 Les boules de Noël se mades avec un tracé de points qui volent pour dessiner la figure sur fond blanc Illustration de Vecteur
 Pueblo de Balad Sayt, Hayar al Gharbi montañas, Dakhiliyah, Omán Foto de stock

---

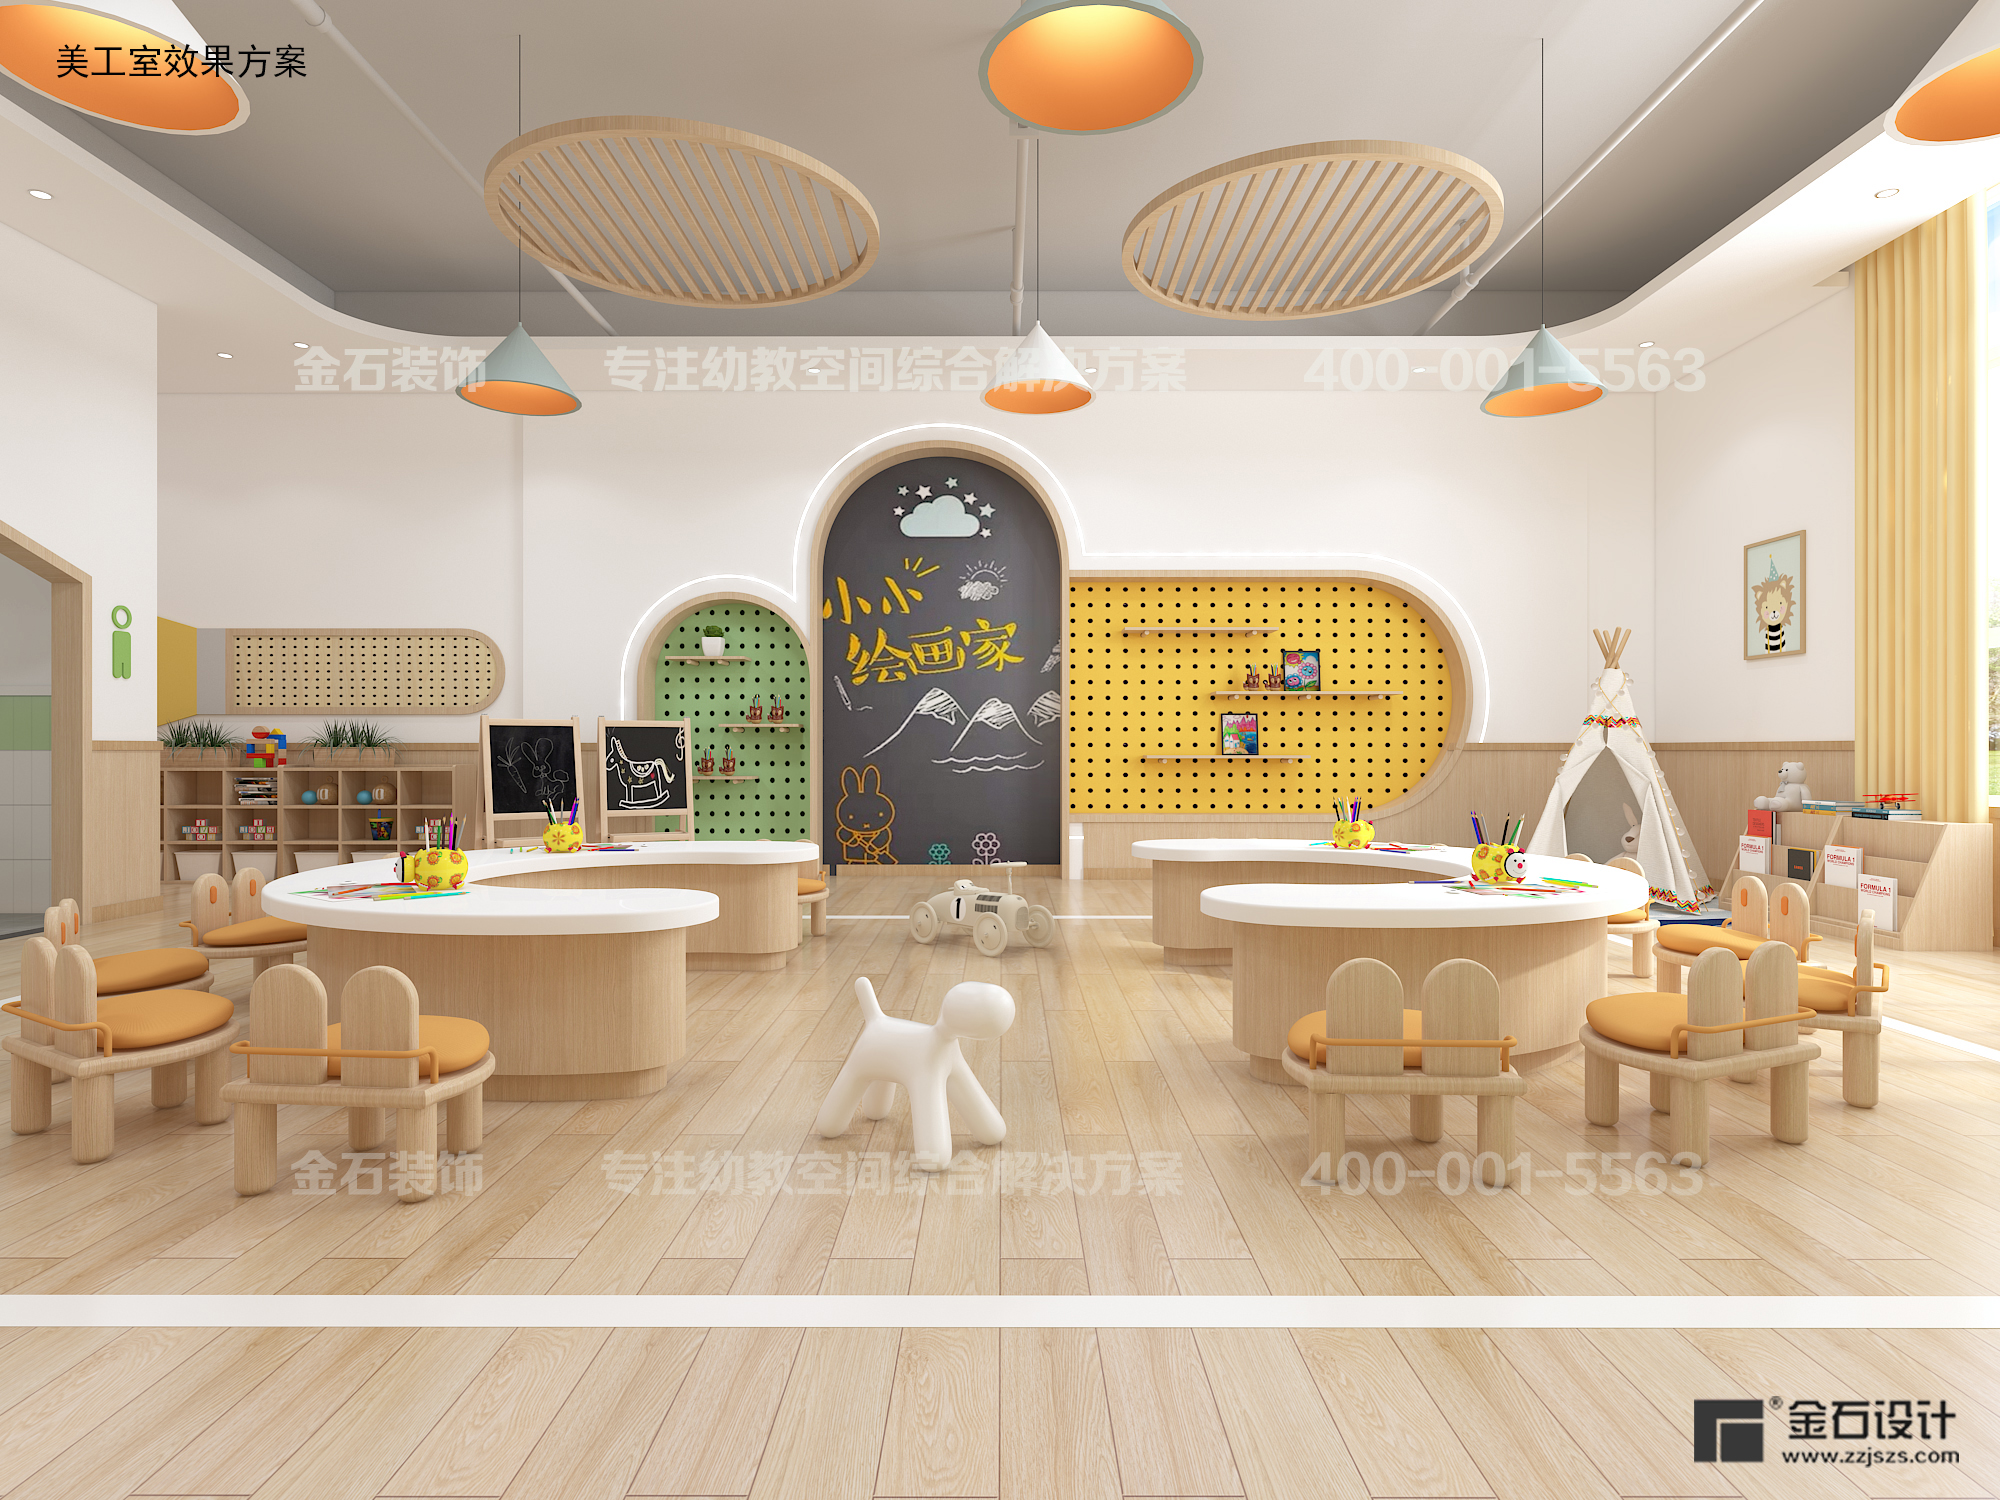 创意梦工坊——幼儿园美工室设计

==

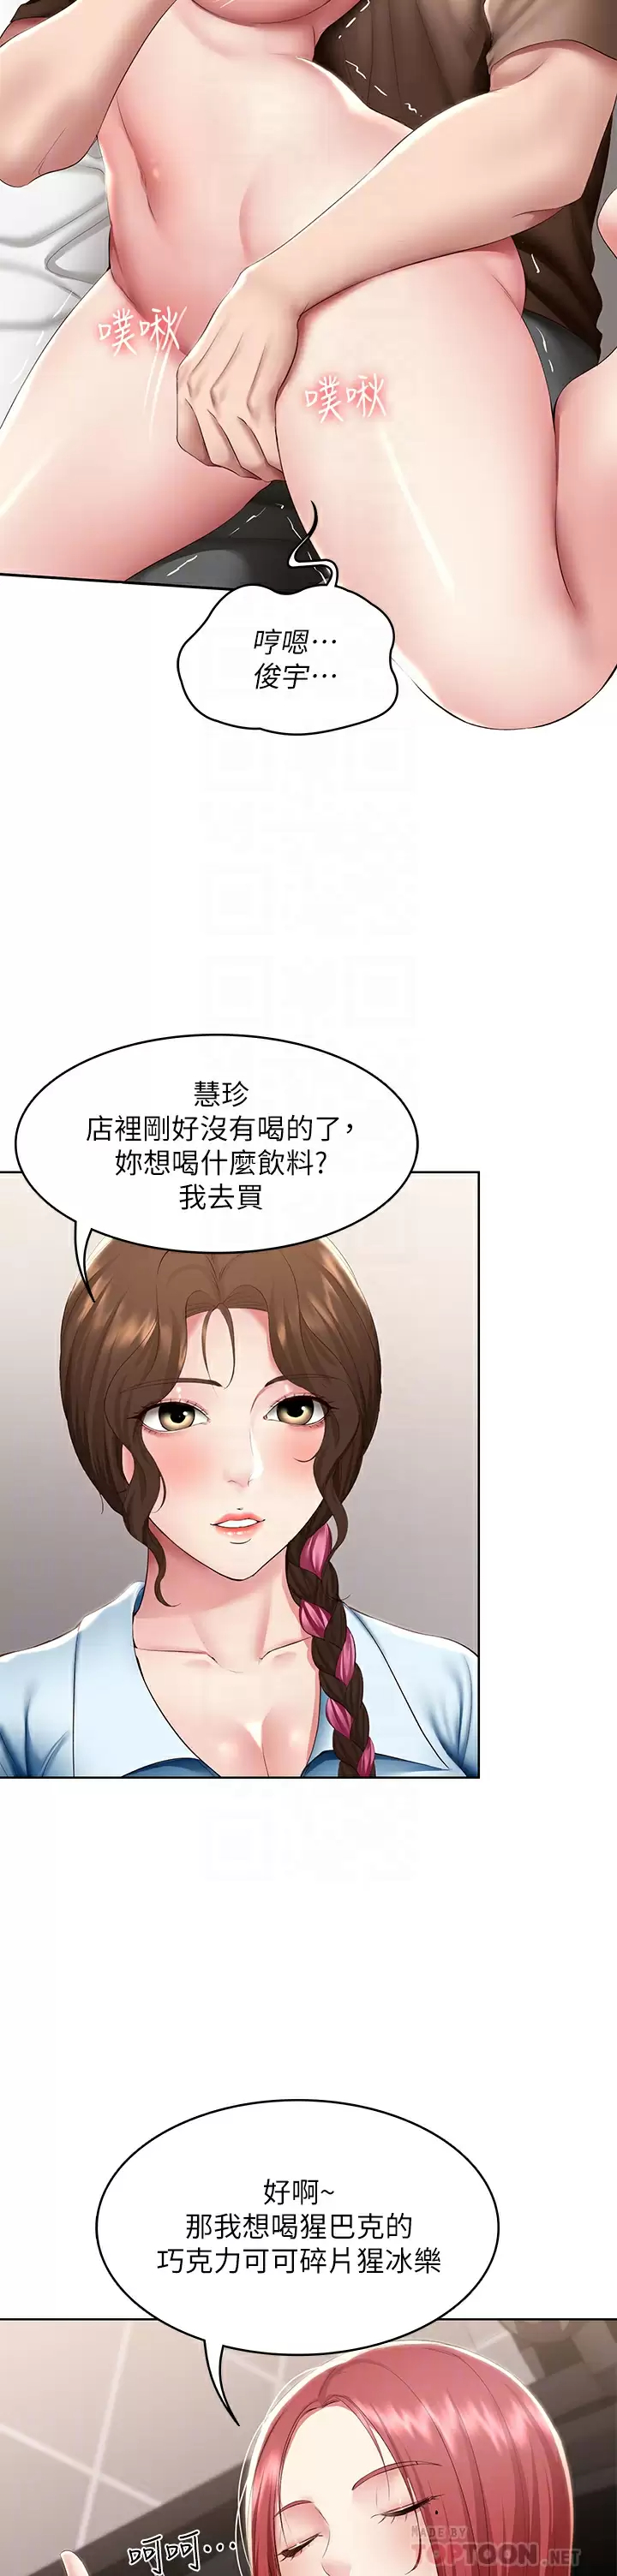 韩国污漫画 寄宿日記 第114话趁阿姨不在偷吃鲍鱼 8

» **TASK DIRECTIONS**: Restate word for word the lines of the data above, starting at the line containing "Les boules de" and ending at the line containing "Pueblo de Balad", both included, and nothing more.

» **RESPONSE AREA**:
 Les boules de Noël se mades avec un tracé de points qui volent pour dessiner la figure sur fond blanc Illustration de Vecteur
 Pueblo de Balad Sayt, Hayar al Gharbi montañas, Dakhiliyah, Omán Foto de stock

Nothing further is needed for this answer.